To my mind, there are at least two kinds of horror: sophisticated horror and gratuitous horror. Sophisticated horror is ultimately perlocutionary, which means it attempts to convince and persuade filmgoers to act. It might do this by means of allegory, commentary or critique, for example, and/or by creating a threat or monster to function as a metaphor, mirror or sign post, concretising some abstraction, externalising some inner reality or magnifying humanness. The point of this is to expose, question or discuss some aberration. Just as others have noticed before, sophisticated horror, “properly seen, is not aberration but transcendence” (Wilson, Secret Cinema, 2006). It is intentionally memetic, designed to “train us in the...transcendentals,” (Vanhoozer and Anderson, Everyday Theology, 2007). Sophisticated horror is sophisticated, because it seeks to speak in order to elicit action.

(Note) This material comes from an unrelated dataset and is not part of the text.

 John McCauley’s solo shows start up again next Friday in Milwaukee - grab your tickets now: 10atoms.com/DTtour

The gratuitous kind is gratuitous, because it misses this point, and instead aims at mere shock, intrigue and entertainment. Therefore, it has earned itself a bad reputation among some. However, it remains attractive among others. I suspect its attractiveness lies mostly in its appeal to a perverse pleasure and amusement derived from cruelty, violence, suffering and peril. Of course, depending on the maker’s intention, this itself could be sophisticated in the way it exposes the pleasured’s perversity simply by the fact they show up to watch. Some would probably agree that the initial but mistaken (and therefore somewhat ironic) response to Romero’s Night of the Living Dead seems more appropriate for this kind: perceived as the pornography of violence, peril and suffering, gratuitous horror "casts serious aspersions on the integrity and social responsibility of its…makers…and about the moral health of filmgoers who cheerfully opt for this unrelieved orgy of sadism.” (Supreme Court’s verdict on Night, Paffenroth, The Gospel of the Living Dead, 2006) Of course, sophisticated horror might work hard to evoke filmgoers’ pleasure and amusement in order to serve their lesson, but if mere sadism appears to be the goal and perlocution appears absent, then I tend to classify it as gratuitous.

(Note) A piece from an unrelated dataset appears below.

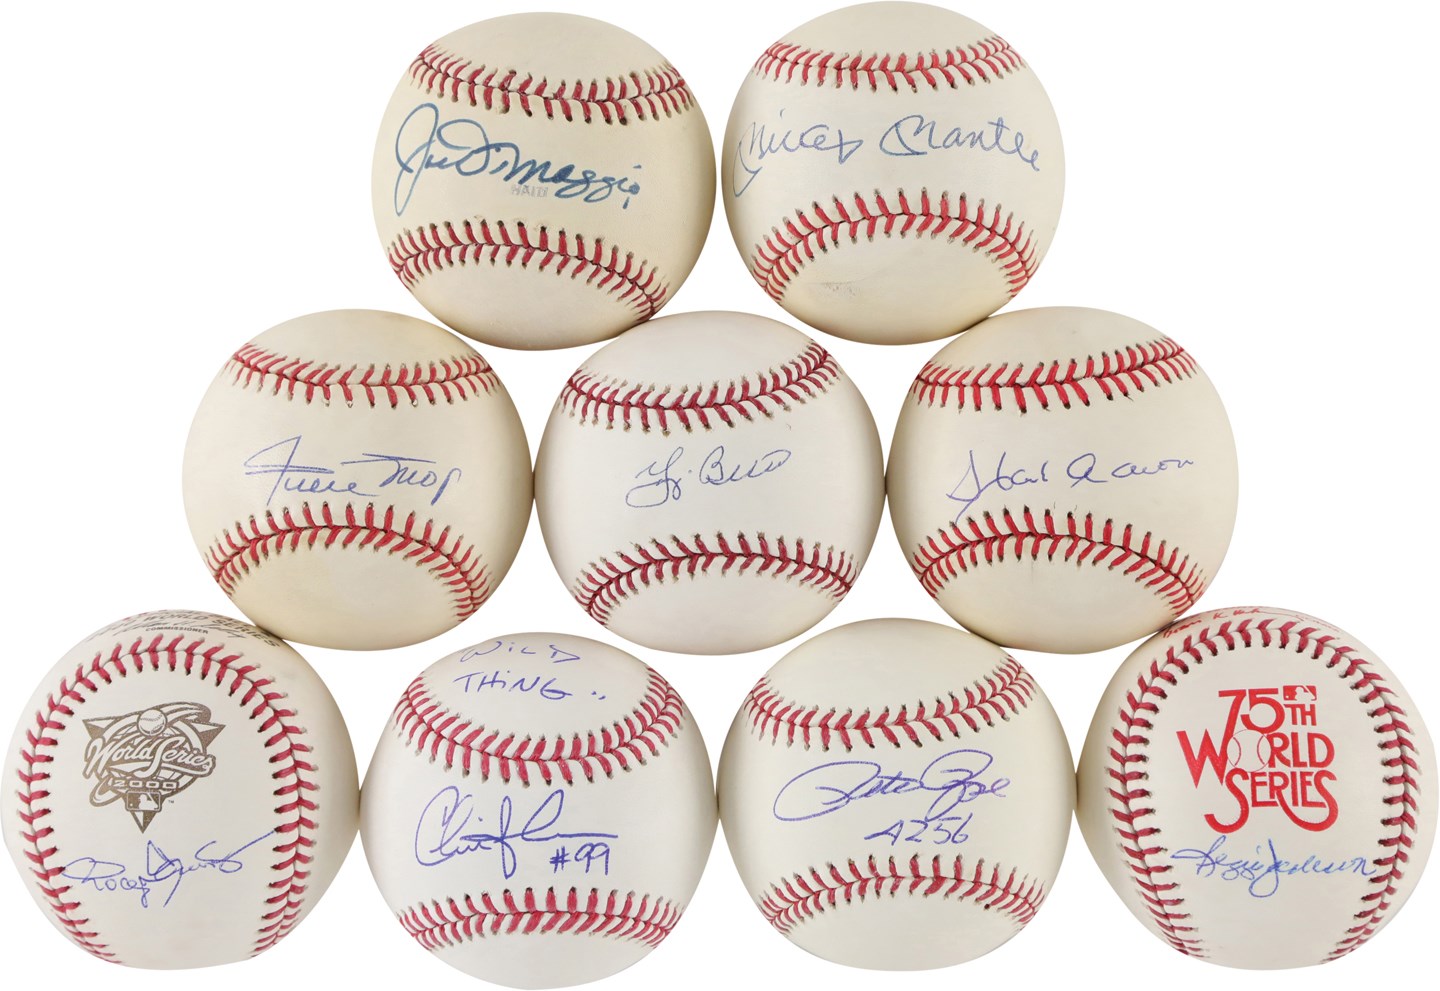 - Hall of Famers and Stars Single Signed Baseballs w/Mantle & DiMaggio (9)

More often than not, horror speaks about the human condition. Even if some ideology or system is in view, this still ultimately critiques humanness, as humans are the source of these things. More often than not, horror is designed to elevate us above ourselves, so we can examine ourselves. We are supposed to identify ourselves with the story and experience aberration. We are to encounter the exposure, the critique even the indictment concerning the evil and the ugly. Just as plots make the “protagonist find the real monster…within his interiors,” (Wilson, Secret Cinema, 2006) often, so do we. We are to recognise, then, that "we are them" and "they are us”, and then to ask “why are we what we are?" For me, nothing typifies and achieves this more than the zombie sub-genre. For this reason, it is my favourite horror sub-genre. And it was this sub-genre that first introduced me to the sophistication, persuasiveness and usefulness of horror. (see Zombies! They're Us! My analysis of Romero’s Zombie).

The Exegesist also goes beyond this to interpret and explain horror as a cultural artefact. It seeks to go beyond filmmakers' intentions to exegete artefacts as if they were texts—to read horror, as it were—to analyse what lies beneath the skin philosophically and theologically, to discuss what these artefacts might assume concerning worldview, ideology, morality, beliefs, human desire and so on. This in turn will seek to explain horror’s popularity and very existence. For example, why is Dexter’s warped personification of justice, so captivating? What does this reveal about human assumptions and longings? Why has the zombie genre enjoyed exponential growth cross-culturally and cross-demographically? What evidently universal and essential ingredient of our humanity accounts for its appeal? These are the sort of depths, or heights, The Exegesistseeks to explore, so that you can appreciate horror on a whole ’nother level.